Чистя зубы, я еще вспомнил, как после окончания съемок меня дернул за руку Семен и, глядя куда-то в сторону, процедил:
— Если тебе интересно, то после тебя первым делом я подозреваю Надьку!
— А что так? — нетерпеливо спросил я, глядя вслед Ирине, уходящей в сторону пансионата.
— А потому что змея! — прошипел Семен и исчез.
Вот такой сумасшедший дом.
Одевшись, я пошел на завтрак. Но не успел спуститься на первый этаж, как услышал нечеловеческий визг. Кричали откуда-то с улицы, куда я, естественно, и помчался.
Вылетев на крыльцо вместе с несколькими взбудораженными киношниками, я прислушался. Кричали где-то в соснах…
Пролетев спринтерским рывком несколько метров по узкой тропинке, я наткнулся на источник визга — им был до невозможности перекошенный рот Черкасовой. Еще на ее лице присутствовали огромные синие глаза, из которых прямо-таки брызгали слезы.
— Что?! — заорал я, пытаясь перекричать поставленный голос псевдо-Агеевой.
Но она продолжала орать, пока не подоспел запыхавшийся Птичкин. Точным и, видимо, отработанным движением он залепил Черкасовой звонкую пощечину. Вместо того, чтобы ответить на этакую грубость, Елена Борисовна тут же захлопнула рот и шумно засопела. Сопела она долго.

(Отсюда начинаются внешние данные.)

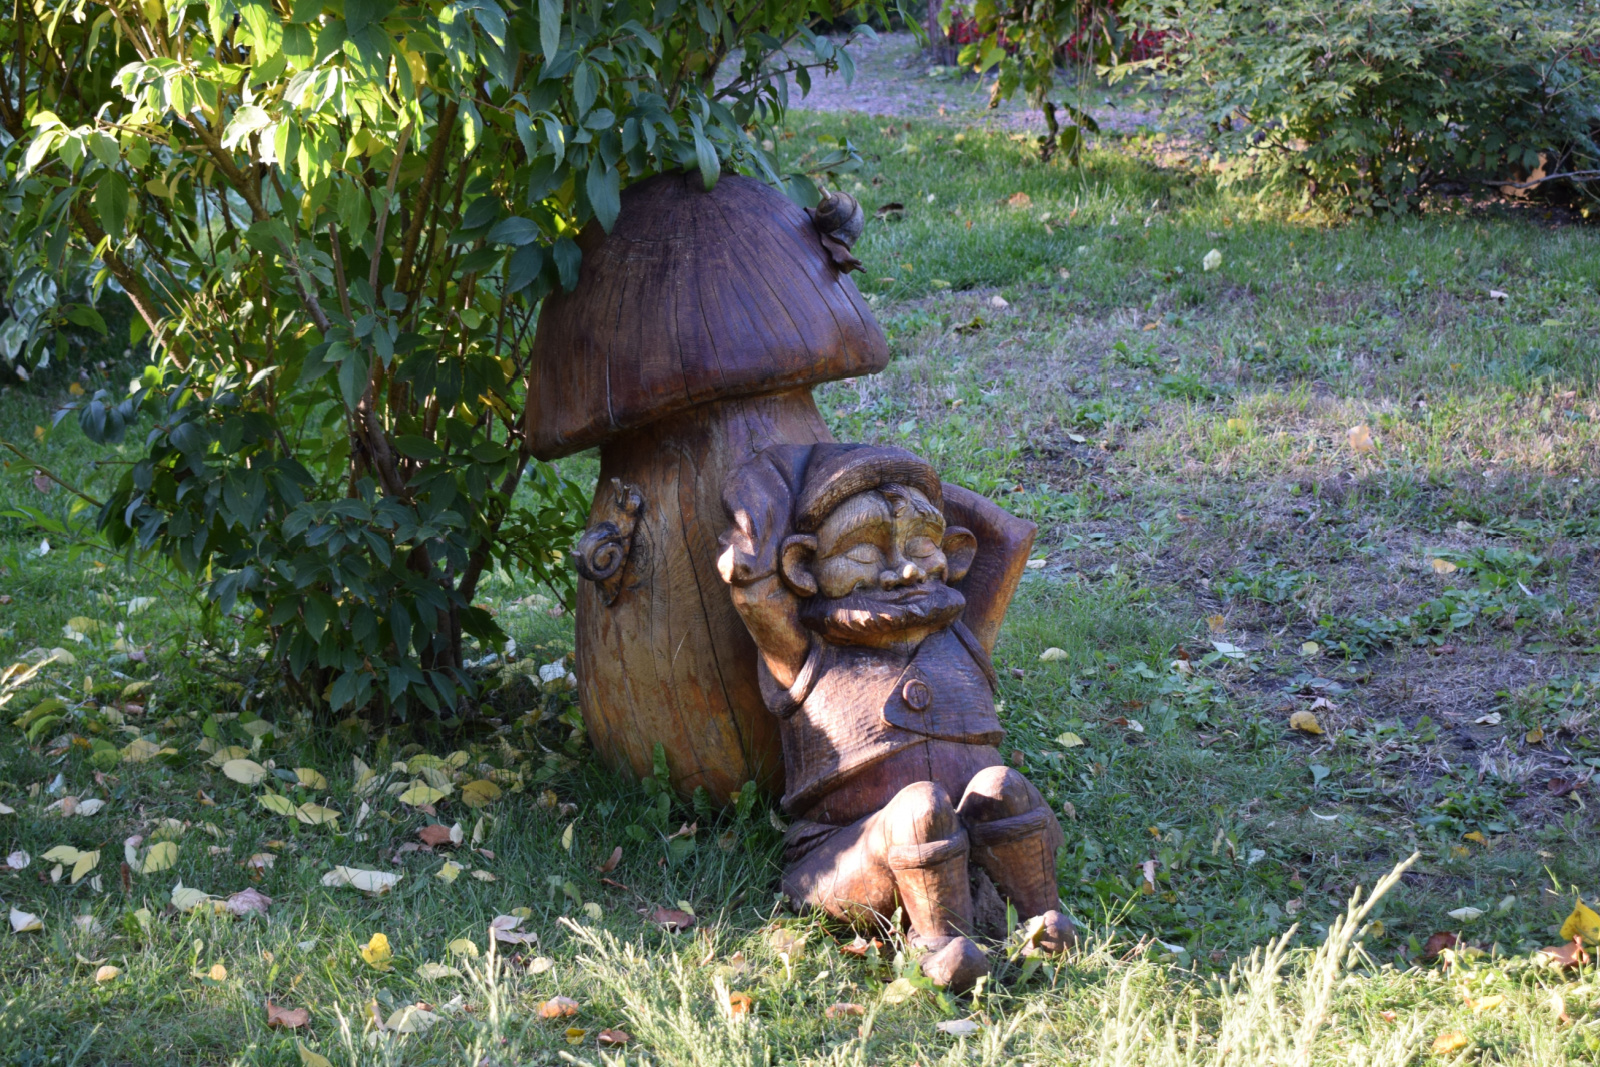 wooden sculpture of dwarf resting under a mushroom in the garden.
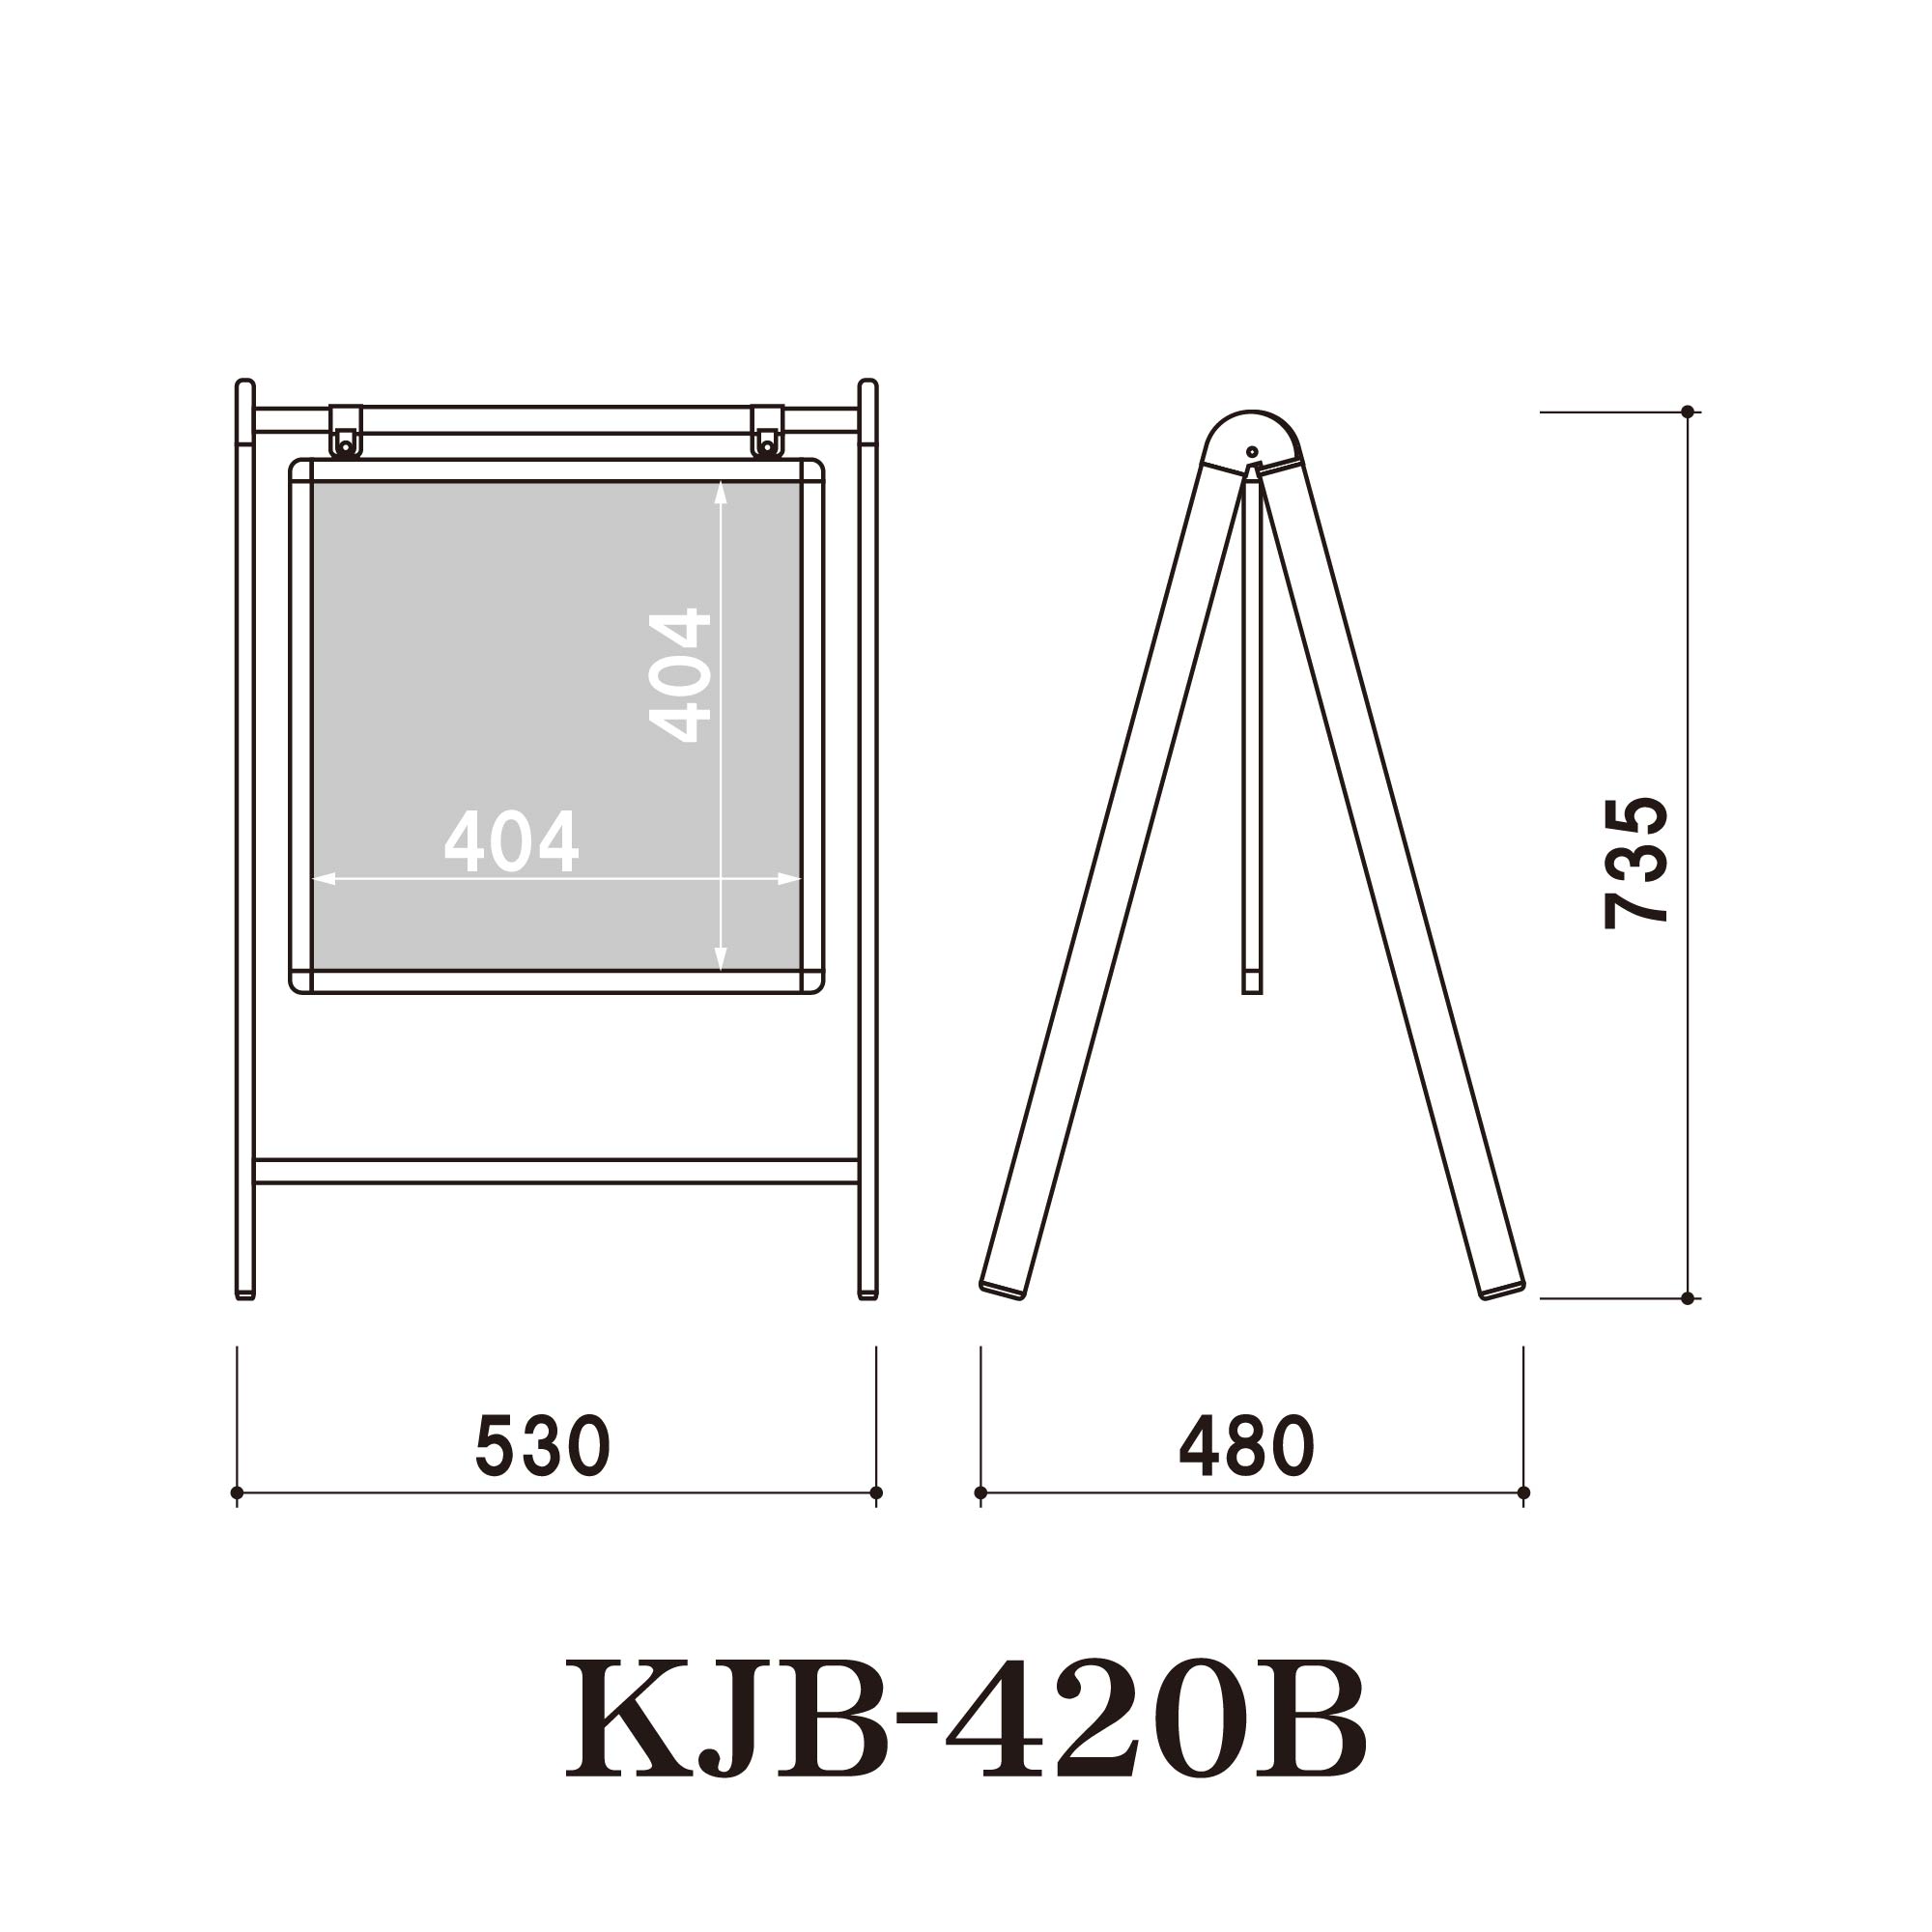 ブラックボードサイン KJB-420B (KJB-420B) スタンド看板・立て看板 折りたたみ,おしゃれ,かわいい,チョーク,店頭,ウェルカム ボード,メニュー黒板,磁石,マグネット 看板の激安通販ならサインウェブ

Я немного подождал, потом сказал Птичкину:
— Хорошо бы узнать, что, собственно…
Но тут Черкасова всхлипнула и, тихо сказав: — Там… На опушке… Опять… — упала в обморок.
«Убил ботинком Босова, дискобол хренов», — подумал я на бегу. Но картинка, открывшаяся мне на симпатичной полянке, была совсем не той, какую я ожидал увидеть. Вместо голого Босова, накрытого пущенным мною ботинком, под живописным кустом дикой малины лежала вполне одетая Лерочка. Одетая, но мертвая. Из ее девичьей груди торчала рукоятка кухонного ножа. А в уголке бесцветных губ запеклась струйка крови.
За моей спиной послышался топот, и на поляну выскочило несколько киношников.
— Ничего не трогать!!! — заорал из задних рядов Неручко и, подскочив ко мне, храбро схватил меня за руку и стал ее выкручивать.
Мне ничего не оставалось, как врезать ему по лысеющей макушке и уйти с этой дурацкой полянки.
Проходя мимо застывшей кучки испуганных киношников, я нашел взглядом Босова и кивнул ему. Он обреченно поплелся за мной.
— Зарядку делал? — хмуро спросил я у художника, топтавшегося рядом, пока я пытался дозвониться до «02».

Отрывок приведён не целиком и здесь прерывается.